Freaky Mary

Hey folks, do you remember East Coast Chilli Co.‘s Chance? I did and I decided I needed another bottle of that creamy, roasted garlic deliciousness. So I went back to them.

I grabbed a bottle of their Reason – Their naga sauce – a little over a month ago. And I grabbed some more of my old favourites, along with.

When I cracked the seal on that new bottle, however, it wasn’t quite how I remembered. It was close but the worcestershire sauce was just a little bit more prominent. And that gave me the idea for today’s cocktail recipe.

A freaky, garlicky twist on a tomato-based classic. Click on through for the details, if you’re old enough to drink.

To make today’s bloody mary, you will need:

2 celery sticks

200ml tomato juice

25ml East Coast Chilli Co. Chance sauce

25ml vodka (any decent brand)

Black Pepper (to taste)

And a cocktail shaker to prepare them all in.

But we’re not actually going to use any of those right away. Instead, we’re going to start by picking out a nice, three hundred millilitre (or thereabouts) glass and popping it in the freezer for ten to fifteen minutes. Because it’s the quickest, easiest and most effective way that I’ve found to chill your drinkware. And a cold glass goes a long way to making a cold and refreshing beverage.

Once it’s almost ready to come out, then you’re ready to get to work on the recipe proper. Of which the first step is to finely dice one of your two celery sticks, for infusing.

Cut ’em nice and fine, as shown above, then pop the lot into your cocktail shaker and set it aside for a moment, while you retrieve you freshly-chilled glass.

Measure out your twenty-five mil of gorgeously garlicky hot sauce, in order to get it freshly chillied, as well, and quickly follow up with the vodka. Using the high proof alcohol to wash any lingering Chance from your measuring utensil and into that serving glass.

For those who aren’t aware, this particular measure is a standardised UK shot size and it’s just shy of two tablespoons. So, whether you have all the cocktail accoutrements or just the standard kitchen utensils, you shouldn’t have much trouble finding something which fits the bill. And the same goes for the vodka, itself, really.

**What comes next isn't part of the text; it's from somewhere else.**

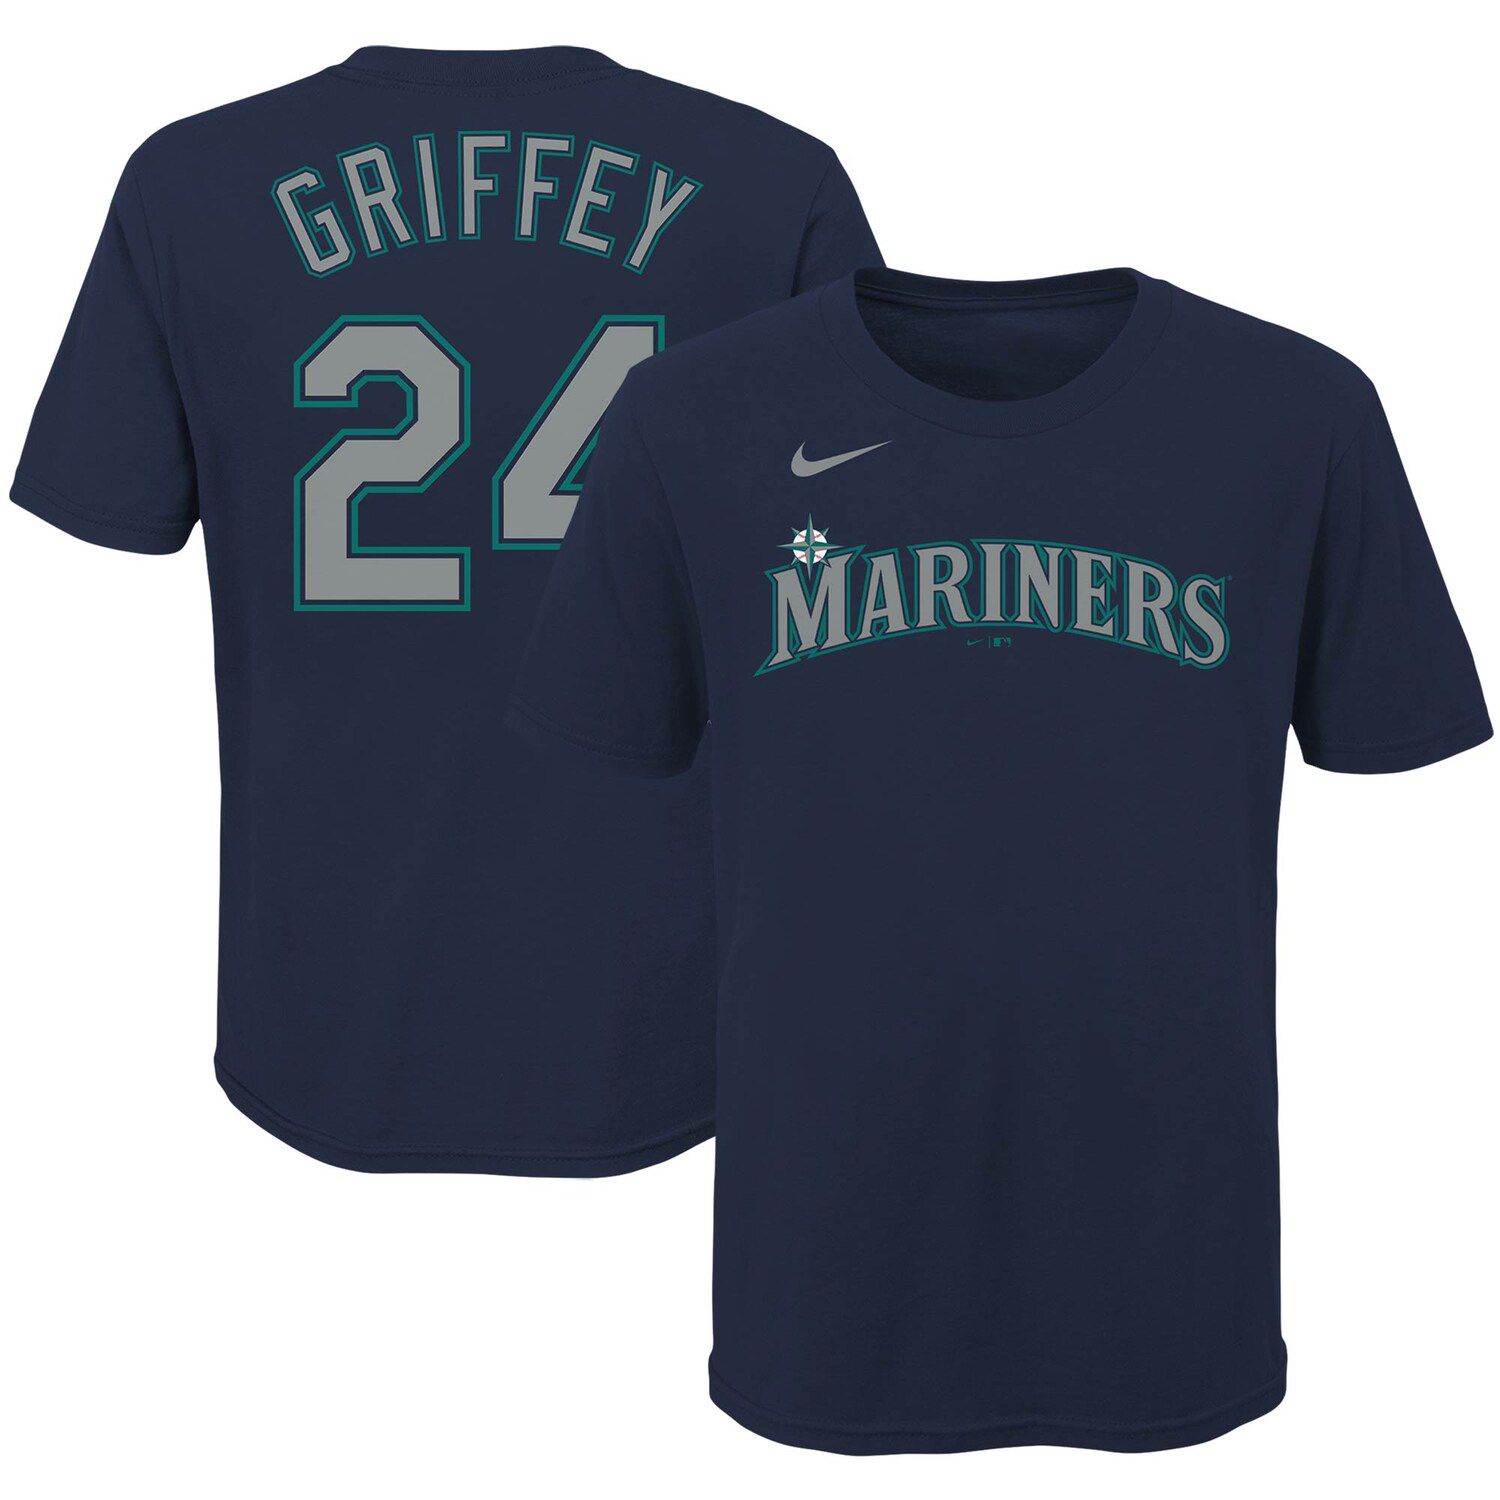 griffey mariners jersey

I’m using Black Cow’s 100% milk variety, which is a somewhat premium, novelty vodka, yet almost any sort will do. Vodka is not a flavourful drink, like rum, whiskey or wine, and paying more usually just means paying for more of the natural solvent flavour to be filtered out. So anything above the bare minimum supermarket own brand should prove nigh undetectable in today’s punchy cocktail.

Though, as I talked about in an early Cornish Chilli Co. review, it may bring out elements of the tomatoes that would otherwise go amiss. It’s hard for me to say, since the science checks out but I very rarely drink tomato juice on its own. And, of course, I won’t be doing so today.

Instead, it’s time to add it to our shaker and mush down all of those celery chunks. Then shake, shake, shake and strain it all back out, into the main glass.

Because, let’s be real, you don’t want those pieces in your finished drink. You want it nice and smooth, to make the most of that creamy Chance. All that you want from the celery is that hint of green, to help balance out the subtly sweet edge of the sauce and our tomato juice.

So, once you’ve strained all of that juice back out, give the glass a quick stir, to combine the lot, and top it all off with a few cracks of a pepper mill. Using your second celery stick just for garnish.

Then it’s ready to serve:

Rich, savoury, cooked tomato and near-caramelised, browned garlic dominate its flavour, with a slight, yet highly surprising, fruity undertone from the ECC’s habs. The aromatic peppercorns lighten it just a little but it’s still a particularly indulgent and umami-heavy take on the drink. Far better for sipping than for knocking straight back.

Especially as it packs a high medium

heat that can really build, if overdone. Burning around the sides of my mouth and working its way back as I swallow. All the while lingering right in front of my cheeks with that typical habanero sting, as well.

It does lack the acidity of a typical bloody mary but I do not find that the lemon or lime, which many recipes call for, play well with mine. So, personally, I’m perfectly happy to just cut the citrus out and enjoy the rest of the drink. But, if the acidity is something that you’ll miss, you could always try adding a little of the East Coast Chilli Co.‘s Reason, as well.

I’m sure it’ll be right at home in this savoury delight.